Luckily for us, open communication protocols like HTTP allow us to talk to downstream services without having to have any special code. Instead, we use normal standard web requests.
To further loosely couple our services, we need to ensure that when we do HTTP calls, we make the minimal amount of calls required in order to fetch data or to carry out a functionality with our downstream service instead of having chatty exchanges where we’re having to make multiple calls in order to fetch that one piece of data or to carry out that one piece of functionality. Chatty exchanges between applications is basically a sign that they are tightly coupled, i.e. they are intertwined. So if our downstream service changes, it’s likely that our upstream service will also likely have to change.
Also to make sure our microservices loosely coupled we need to ensure that they have their own data. They have their own dedicated database that’s not shared with any other microservice, and the only way to get each microservice’s data is to talk to the microservice itself.
2. Contracts and Interfaces
Another way of making sure our microservices are autonomous is by ensuring that calls that we’re making between our services, have stable requests and responses. These HTTP calls requests and responses remain stable even if our microservices themselves are changing. The format of these calls, are commonly referred to as the contract and the interfaces between our microservices. We always want to try and honor these contract and interfaces in terms of request format and response format so that when we change a specific microservice, any other client application or any other service calling that microservice doesn’t have to change.
The same applies to microservices that are talking to each other using asynchronous communication using components like a message broker, where contracts are the number of messages exchanged and the interface is the format of the message itself. We want to keep the format of the messages stable regardless of our microservices changing themselves.
Small changes, however, can sometimes be okay where we’re adding extra data. However, we should try and avoid breaking changes where the format of the data has changed or if we’ve omitted data. We should always try and honor our contracts and interfaces whilst we’re changing parts of our architecture.
Another way of making our contracts more stable and our microservices more autonomous is by making sure that we expose the minimal amount of data from our microservices. So if there’s any extra data that’s used within the inner workings of the microservice, only expose part of the data that’s actually required by the outside world of that microservice, and any inner working data you keep internally.
3. Concurrent Development
Another way of making our microservices more autonomous with stable contract is by having specific teams own specific microservices. Not only will this encourage concurrent development, but it will force our teams to work in a collaborative way in order to agree and discuss contract for each of their microservices exposes to other microservices.
4. Backwards Compatibility
If there are breaking changes, it will also force other teams to work together to ensure that there’s backwards compatibility. And having backward compatible microservices basically means when we release new versions of our microservices with the contracts that potentially have breaking changes, our client applications or client services, that user‑changed microservices, are not affected because our microservices are backward compatible in that they still support and provide the older versions of the contracts and interfaces.
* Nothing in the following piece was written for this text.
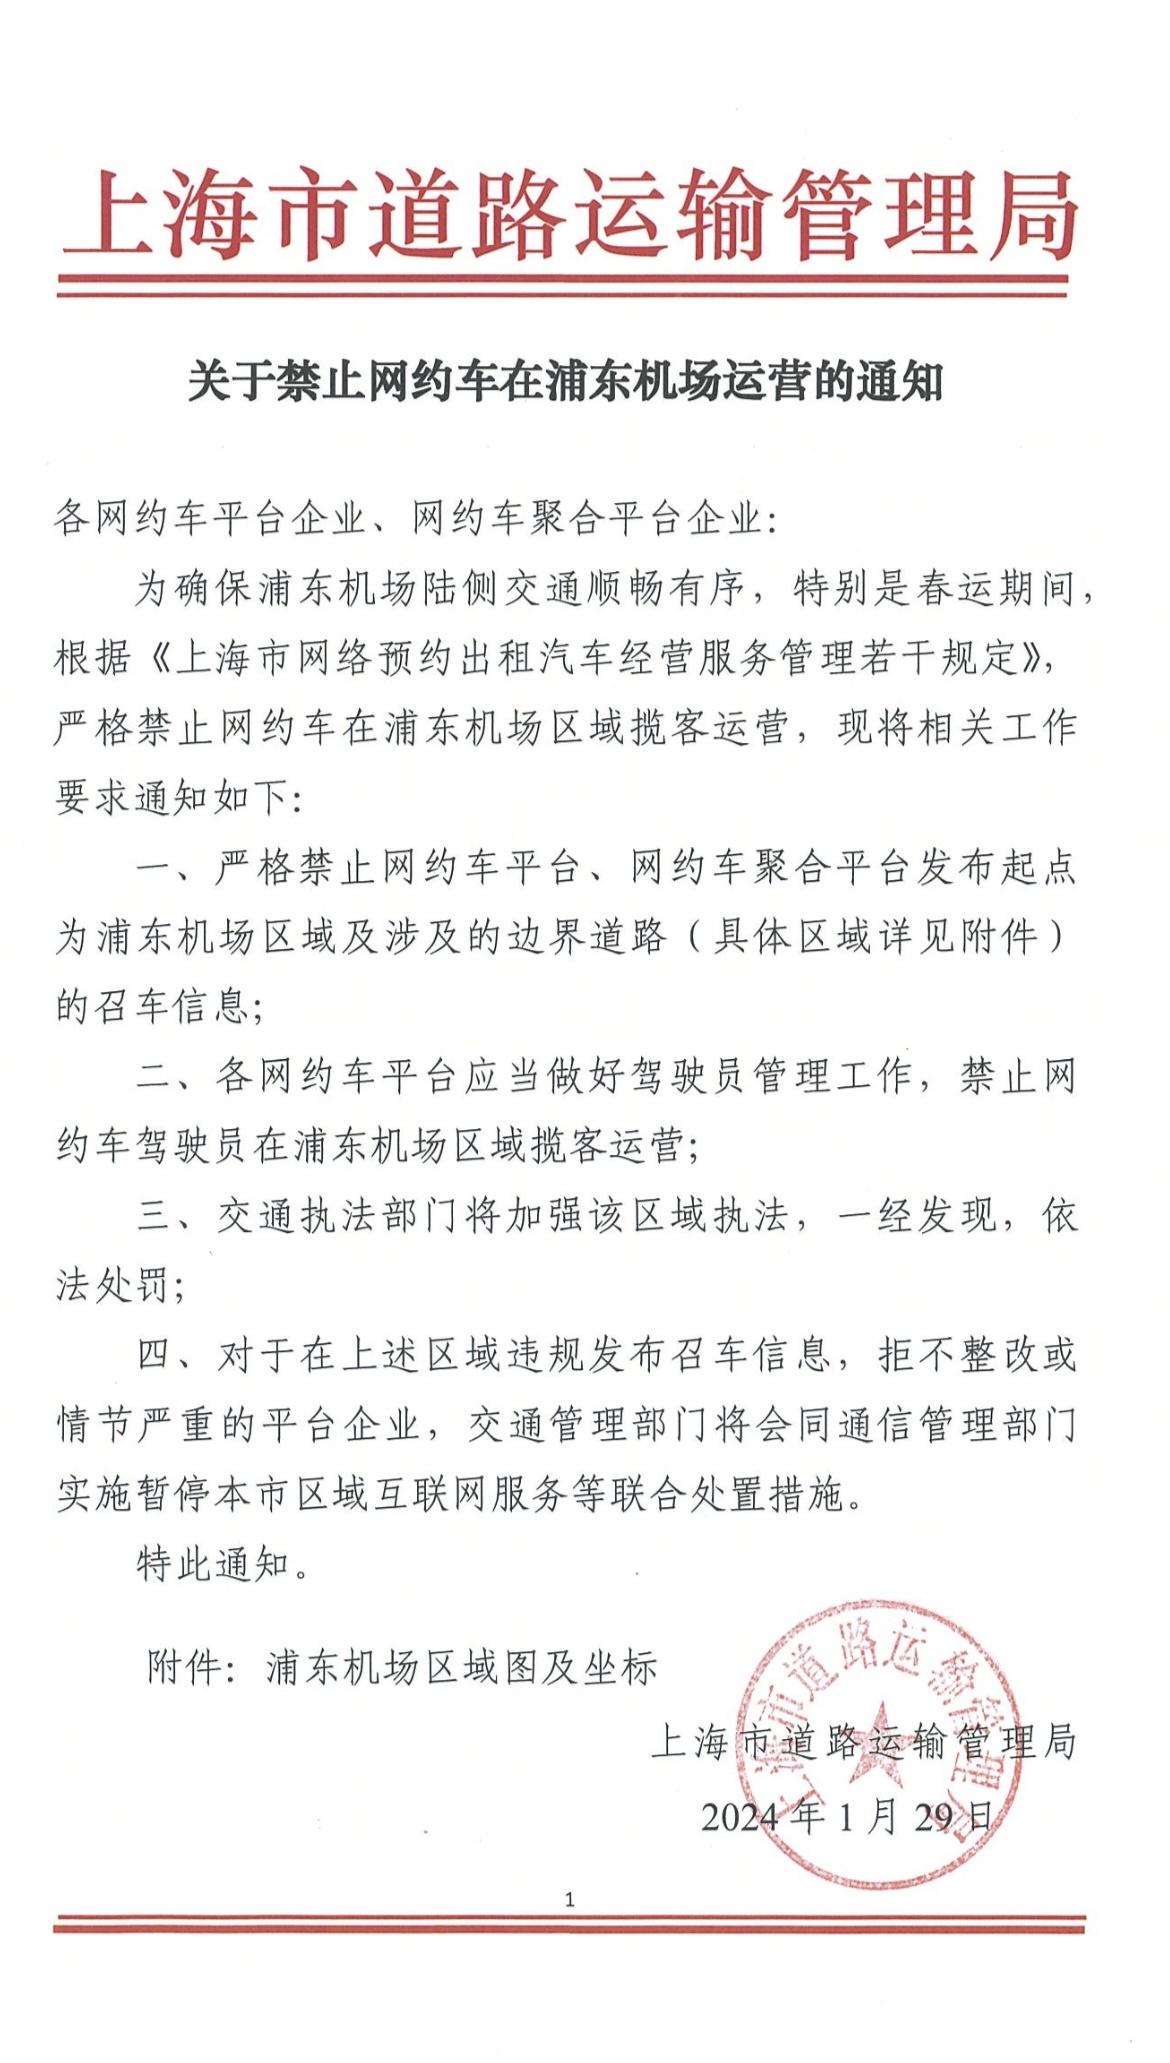 五问上海禁止网约车在浦东机场运营（上海浦东机场 网约车）

So that means our upstream clients and services that are consuming a change to downstream microservices don’t have to actually change.
So the first thing you need as part of your microservices’ backwards compatibility strategy is to have a versioning strategy for your microservices to communicate what kind of change you’ve made to that microservice. A really good versioning strategy for this is known as semantic versioning strategy, which basically uses three digits to communicate if you’ve made a breaking change to your microservice, where the consumers of that microservice will have to change, or if you’ve made a change that’s compatible with all existing consumers. But the key part of your backwards compatibility strategy is for your microservices to have the ability to support both the old functionality, the old contracts and interfaces, as well as the new changed contracts and interfaces, as well as the functionality and data. The good news is this is quite easily achievable when we’re using microservices which are HTTP‑based APIs. We can easily have duplicate endpoints which are separated by version numbers.
For example version 6 might provide the old functionality, which is compatible with most of your consumers, and you might have a new version of that endpoint with version 7, which provides that breaking change. And the same applies to microservices that listen out for messages on a message broker. Our microservices can easily support multiple versions of a specific functionality. In the message broker case, we can check the message to see what version we’re actually targeting, and then within our microservice, we can easily process that message using that specific version of the code.
5. Stateless
Another key design approach in order to achieve autonomous microservices is to have microservices instances that are stateless in that they don’t have any in‑memory data that’s required to process related requests. I should basically have the ability to replace any one of my microservices without having to worry about what’s actually in the memory of each one of those microservice instances. If you do need state data, the best way to do this is to include extra information within your request, like, for example, IDs that can be used to pull out extra data out of the databases that the microservices own.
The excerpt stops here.